1. ## factoring help

I'm struggling with factoring. Some are really easy, and some I don't know where to start.

m3 -mn2 +m2n - n3 + m2 - n2 is one that I need to factor.

The answer is (m+n)(m-n)(m+n+1) and if I multiply it all out, it gets me back to the original.

I get that (m+n)(m-n) is (m2 - n2). Do the substitution and you get m3 -mn2 +m2n - n3 + (m+n)(m-n).

You can factor m3 -mn2 +m2n - n3 into (m2-n2)(m+n), and further into (m+n)(m-n)(m+n).

Substitute again and you get (m+n)(m-n)(m+n) + (m+n)(m-n). Then I don't know where to go.

Can someone point me in the right direction?

Thanks

2. ## Re: factoring help

Originally Posted by baldysm
Substitute again and you get (m+n)(m-n)(m+n) + (m+n)(m-n). Then I don't know where to go.
You're so close! Just factorise the $(m+n)(m-n)$

$(m+n)(m-n)(m+n) + (m+n)(m-n)=(m+n)(m-n)\bigg((m+n)+1\bigg)$

3. ## Re: factoring help

Hmmm, lost me.

Are you factoring the (m+n)(m-n) from (m+n)(m-n)(m+n)?

Guess I don't see how to factor (m+n)(m-n) into (m+n+1)

4. ## Re: factoring help

Originally Posted by baldysm
Hmmm, lost me.
Are you factoring the (m+n)(m-n) from (m+n)(m-n)(m+n)?
No, I'm factoring $(m+n)(m-n)$ from the whole expression $(m+n)(m-n)(m+n) + (m+n)(m-n)$ .

I suppose it is easier to see if you use variables: Let $y=(m+n)(m-n)$. Then your expression becomes $y(m+n)+1y$. Factorising $y$ gives $y((m+n)+1)=(m+n)(m-n)(m+n+1)$

5. ## Re: factoring help

Ahhh, got it!
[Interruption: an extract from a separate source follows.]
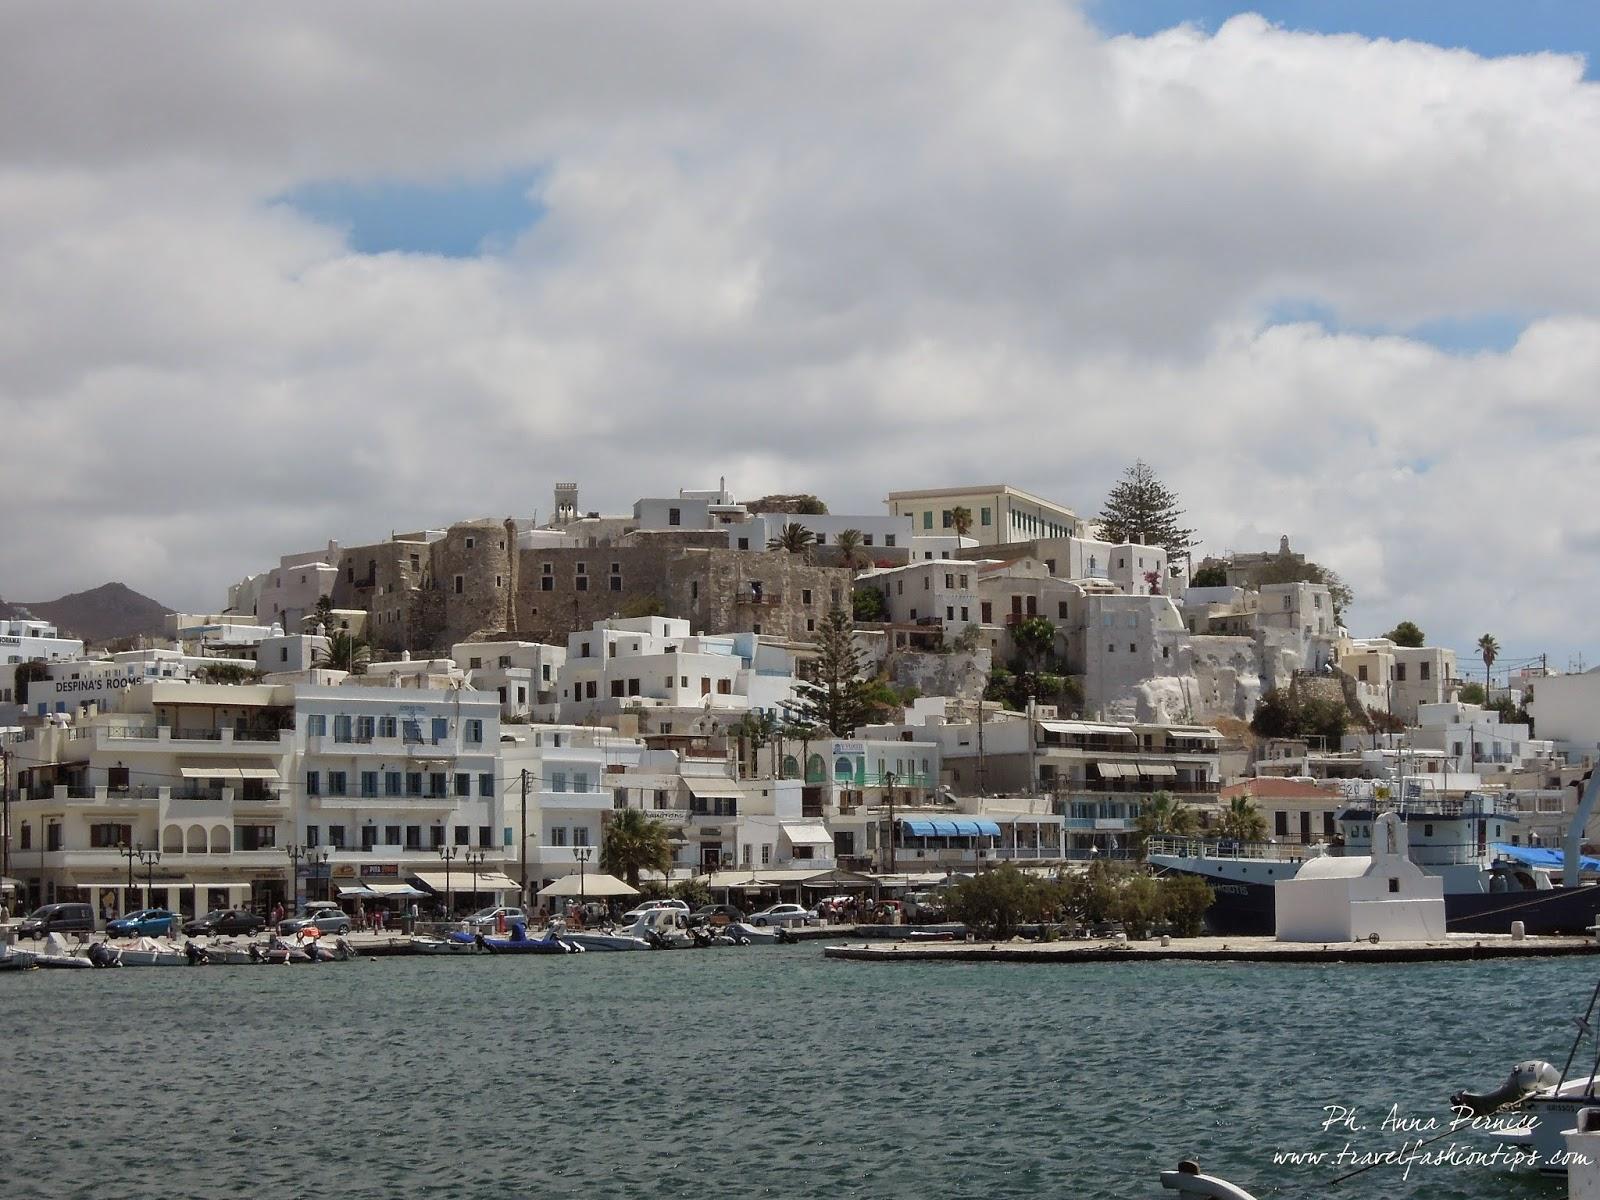 Vacanza in grecia naxos for Grecia vacanze

Makes sense now.

Thanks!

6. ## Re: factoring help

Hello, baldysm!

I will change the variables.

$\text{Factor: }\:a^3 - ab^2 + a^2b - b^3 + a^2-b^2$

We have: . $(a^3-ab^2) + (a^2b - b^3) + (a^2-b^2)$

Factor: . $a(a^2-b^2) + b(a^2-b^2) + (a^2-b^2)$

Factor out $(a^2-b^2)\!:\;\;(a^2-b^2)(a + b + 1)$

Therefore: . $(a-b)(a+b)(a+b+1)$